Table of Contents

## What is the factor of x2 3x 28?

To factor it, find 2 numbers knowing sum (b 3) and product (c -28). They make the factor pair: **(-4, 7)**

## What is the root of x2 3x 28 0?

Factor pairs of (c -28) -x26gt; (-2, 14)(-4, 7). This sum is 3 -b. Then the 2 real roots are: **-4 and 7**

## What is x2 16x 64?

So x2+16x+64**(x+8)2 is a perfect square trinomial.**

## What is x2 16x 64 0?

8

## What are the factors of 3x?

Factor pairs of (c -28) -x26gt; (-2, 14)(-4, 7). This sum is 3 -b. Then the 2 real roots are: **-4 and 7**

## What are the factors of 2x 2 5x 3?

The first term, the 3x, can be factored **as (3)(x); the second term, the 12, can be factored as (3)(4). The only factor common to the two terms (that is, the only thing that can be divided out of each of the terms and then moved up in front of a set of parentheses) is the 3.**

## What is the factor of x2 3x 54?

(**x−6)(x+9**) are the factors of the quadratic

## Which binomial is a factor of x2 3x 28?

To factor it, find 2 numbers knowing sum (b 3) and product (c -28). They make the factor pair: **(-4, 7)**

## What are the roots of quadratic equation x2 3x 1 0?
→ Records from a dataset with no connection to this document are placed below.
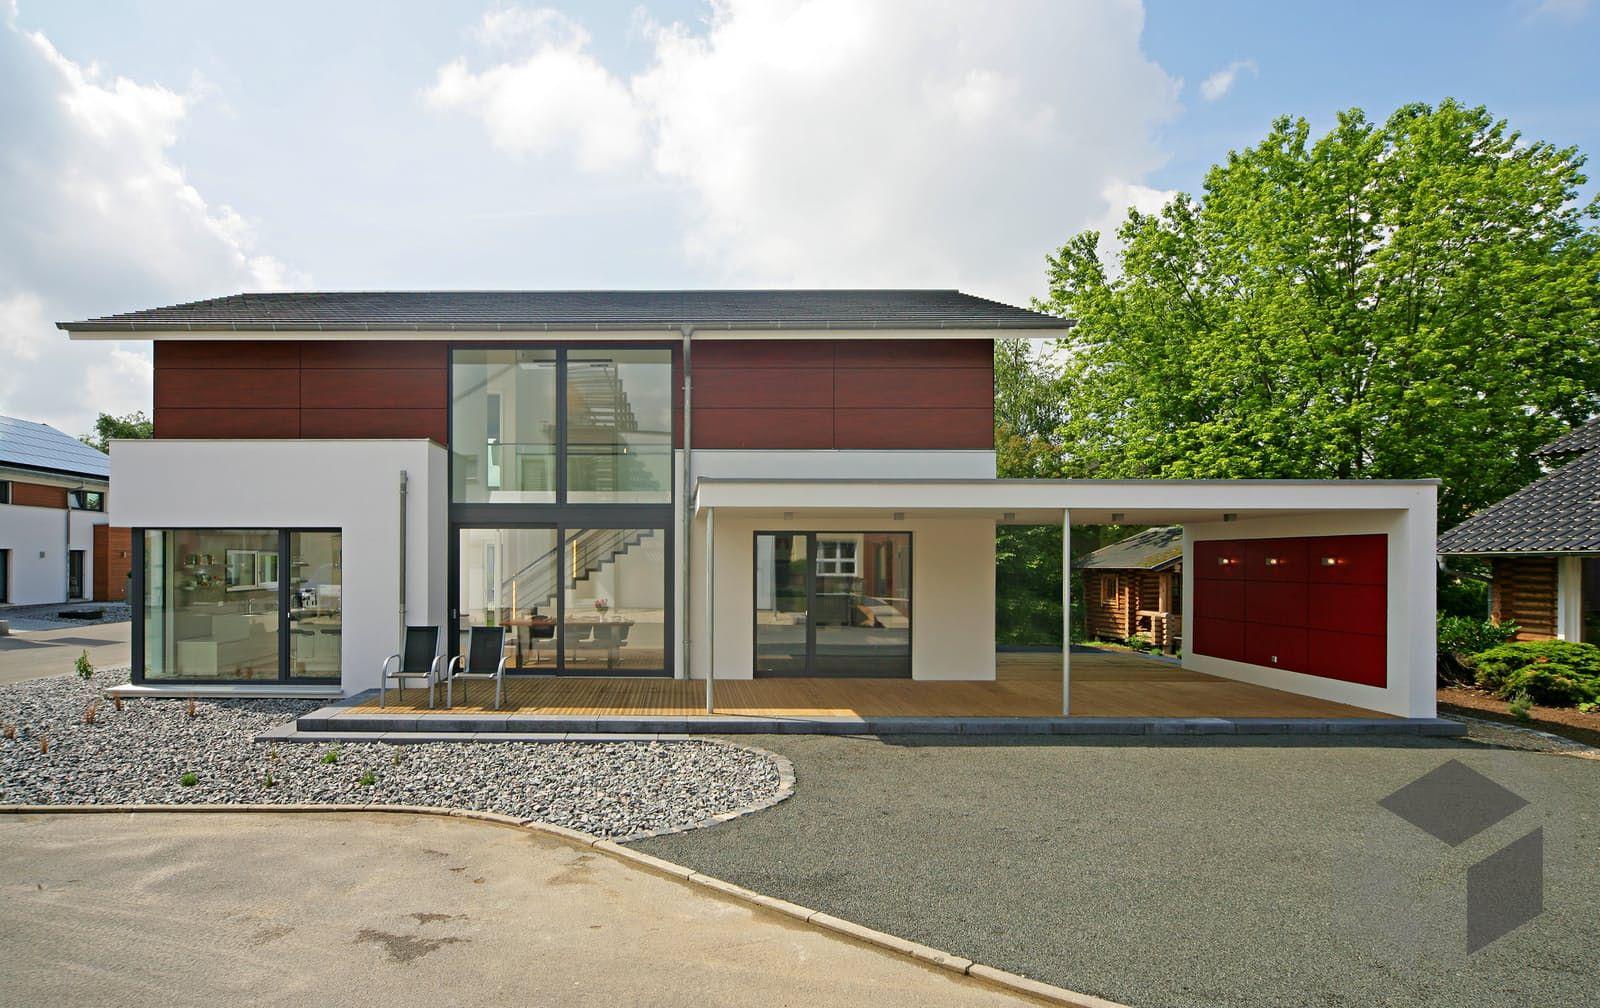 Fertigteilhaus modern satteldach  Dieses und viele Häuser mehr gibt es auf Fertighaus.de – Ihr ...
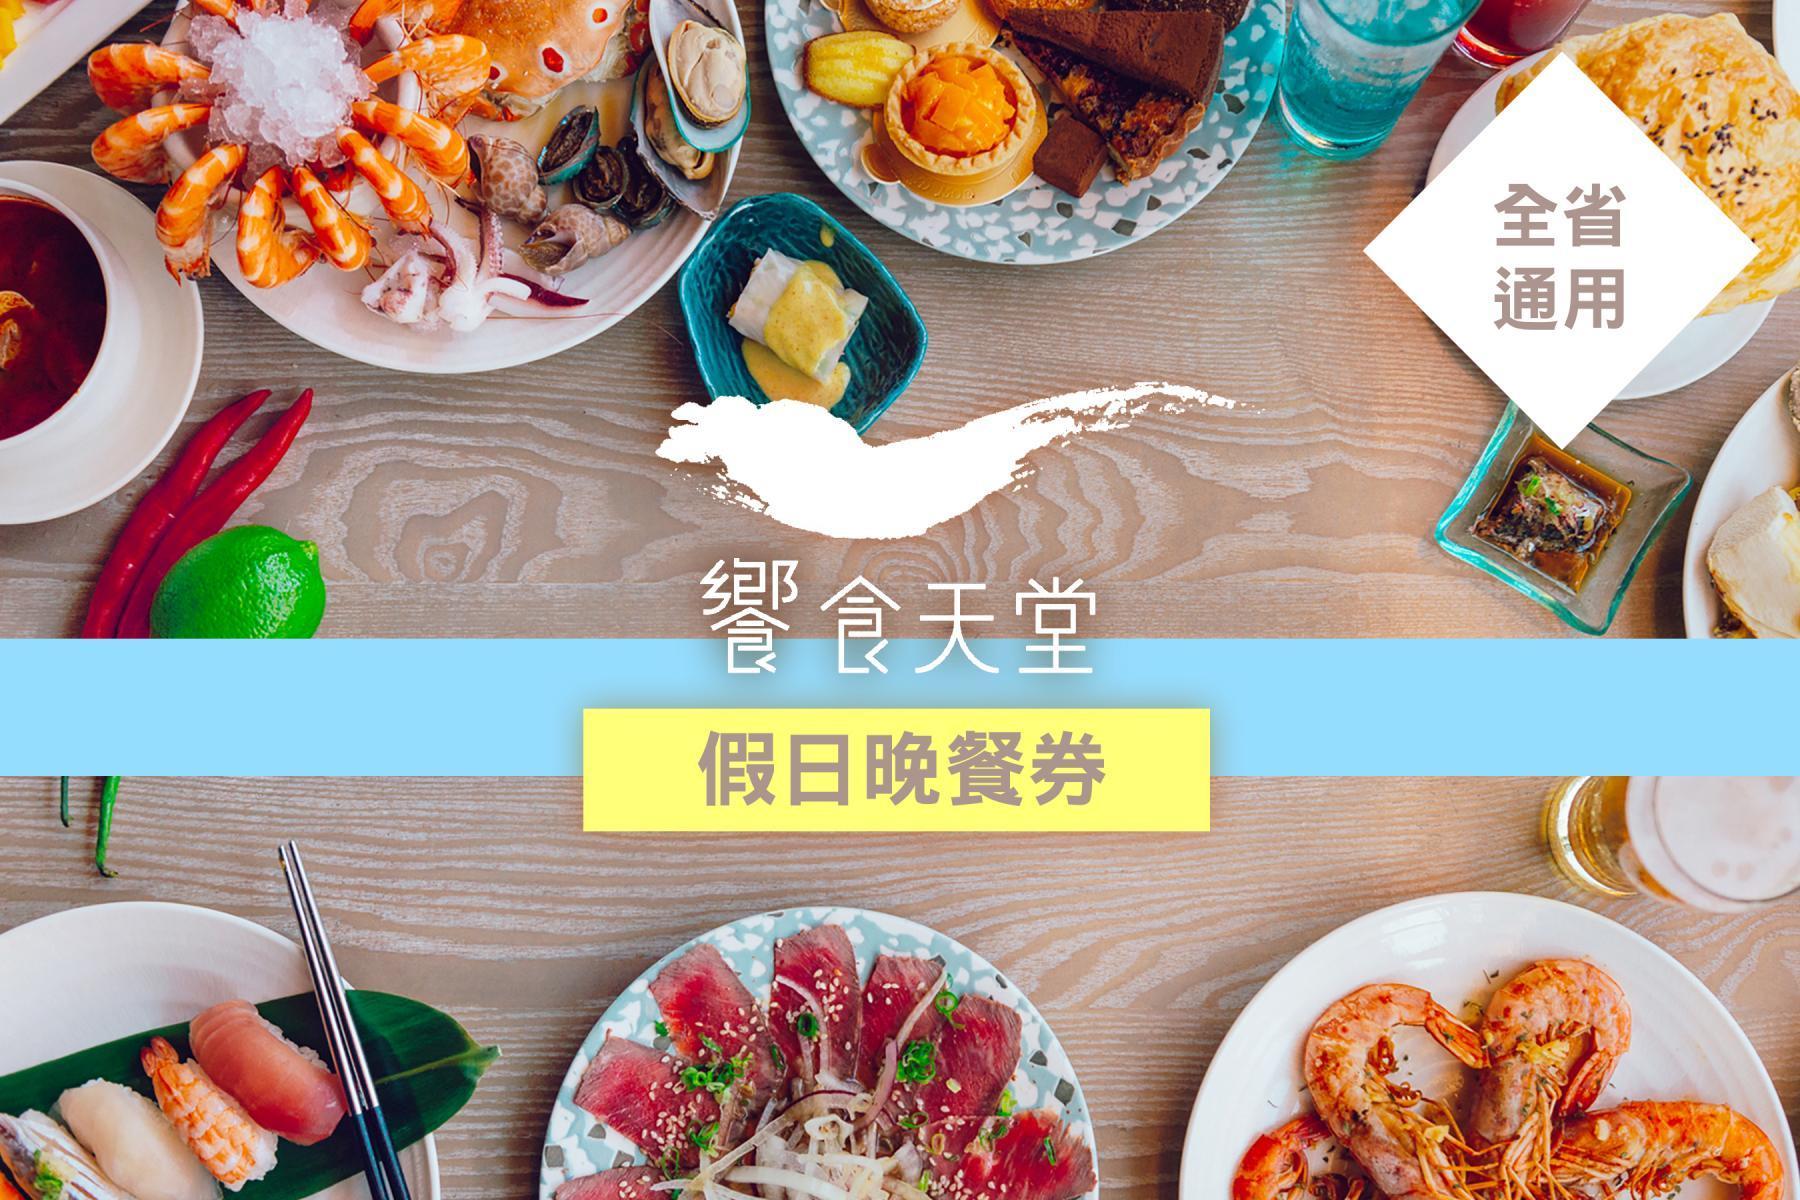 全省饗食天堂-假日晚餐券
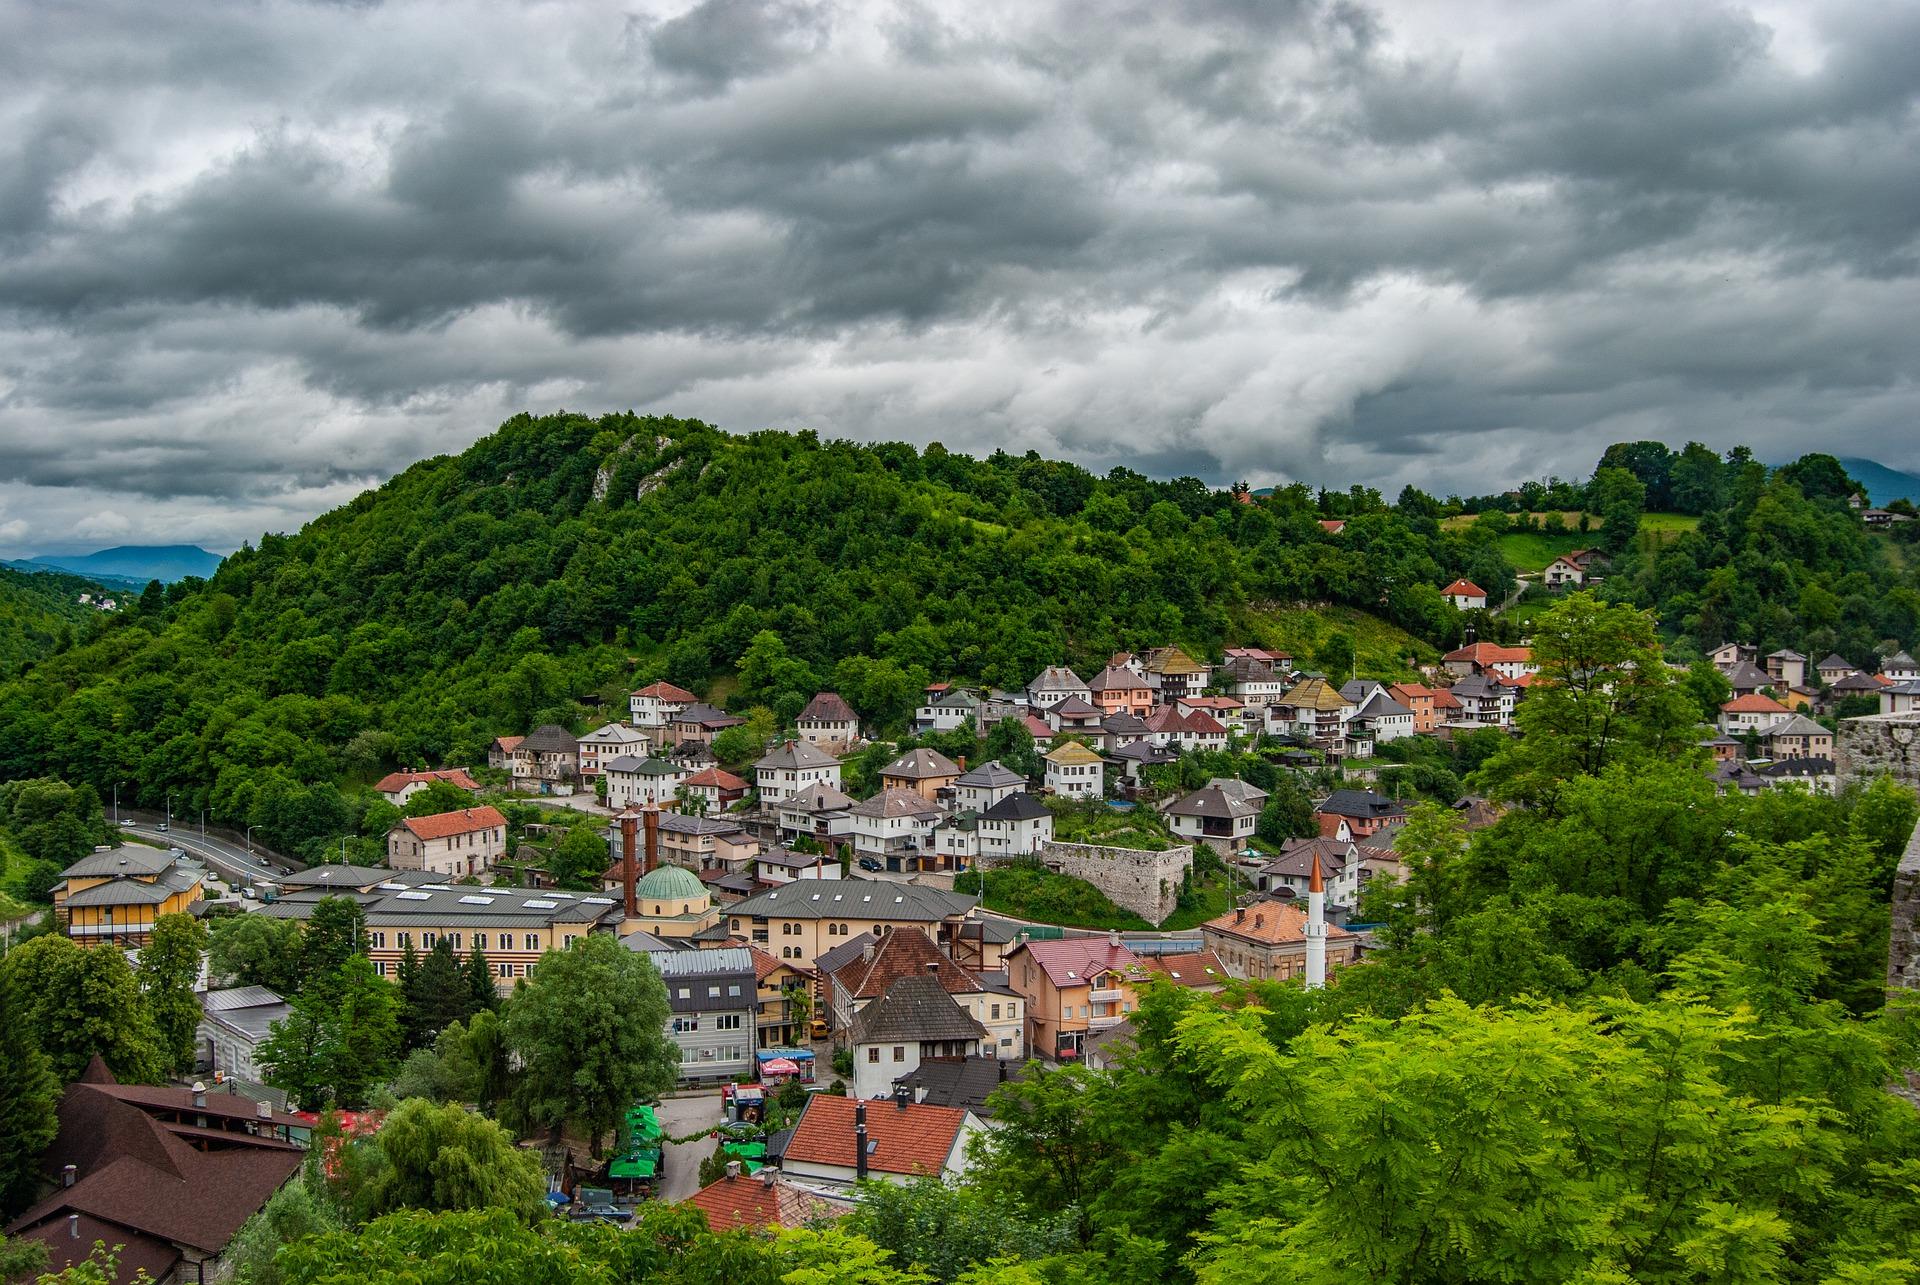 أجمل الأماكن السياحية في مدينة ترافنيك
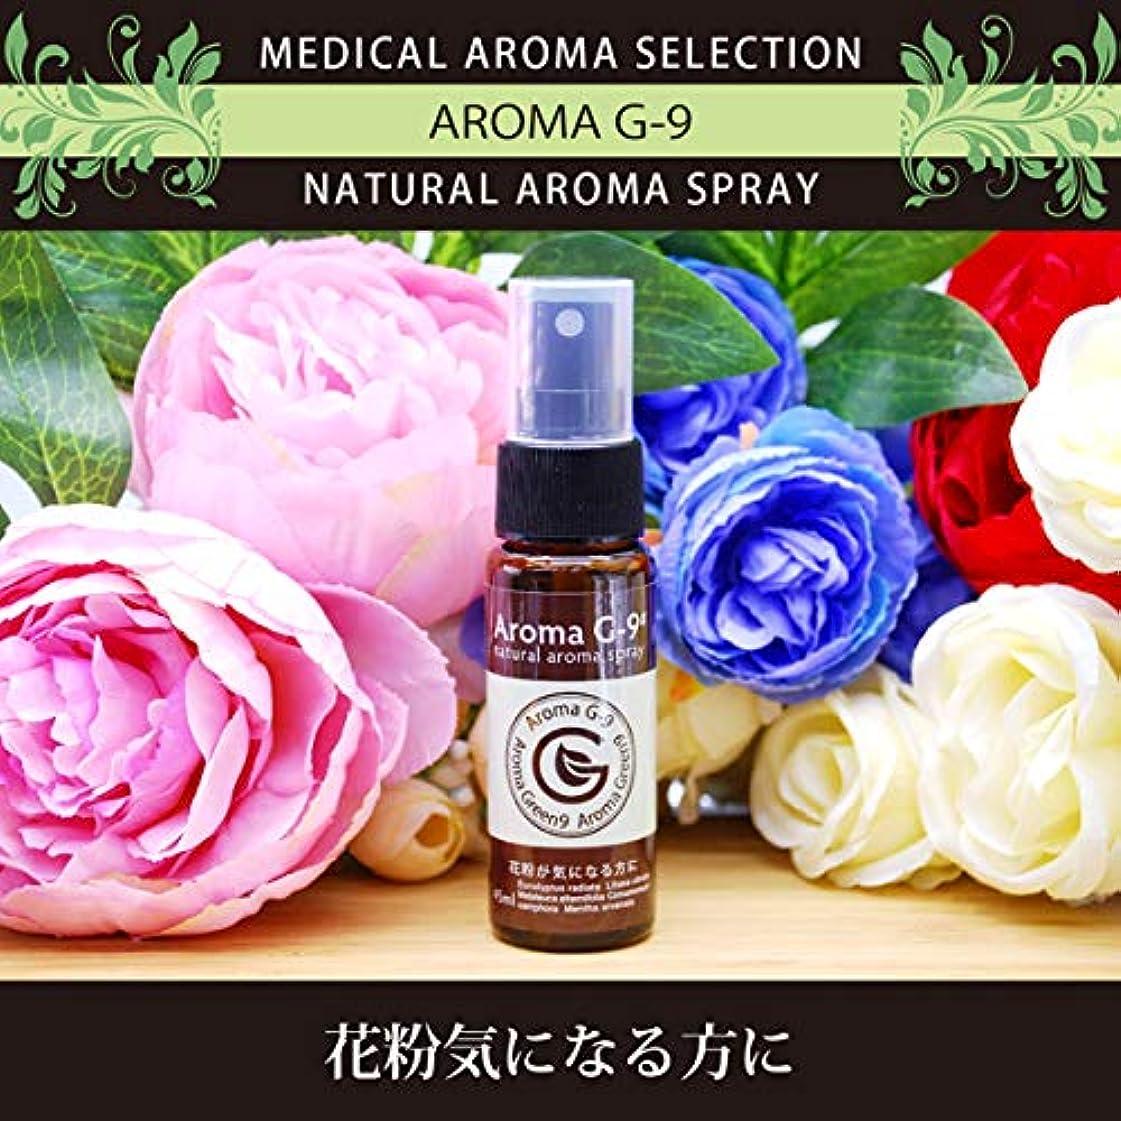 コットン本会議線アロマスプレー Aroma G-9# 花粉症アロマスプレー 45ml

If x^2 + 3x + 1 0 , then the roots of the equation are **x -3 xb1 u221a(m)/2 .**

## What is the solution of x2 3x 0?

x=0or**x=3** is the correct Solution

## What is the solution of x2 3x 40 0?

The answers for x2+3x−40=0 are **-8 and 5**

## Which number is added to perfect square x2 16x?

We have to add **82 64, to convert it into a perfect square. Therefore, 64 must be added to the expression to make it a perfect-square trinomial.**

## Can you factor x2 16?

There are **two ways to factorize x2u221216 – one using identity a2u2212b2(a+b)(au2212b) . Other method is by splitting the middle term, which is 0 here and as product of coefficient of x2 and constant term is u221216 . we need to do is to split middle term in 4 and u22124 (as their sum is zero and product is u221216 ).**

## What is x2 9 Factorised?

To complete the square, you take the square root of the number in the question. Remember that there will be a positive and a negative square root, so here the roots of 9 will be 3 and -3. Then you can factorise the expression like so:**x2-9(x+3)(x-3)Notice how each bracket contains an x and one of the square roots?**

## Which is the perfect square trinomial?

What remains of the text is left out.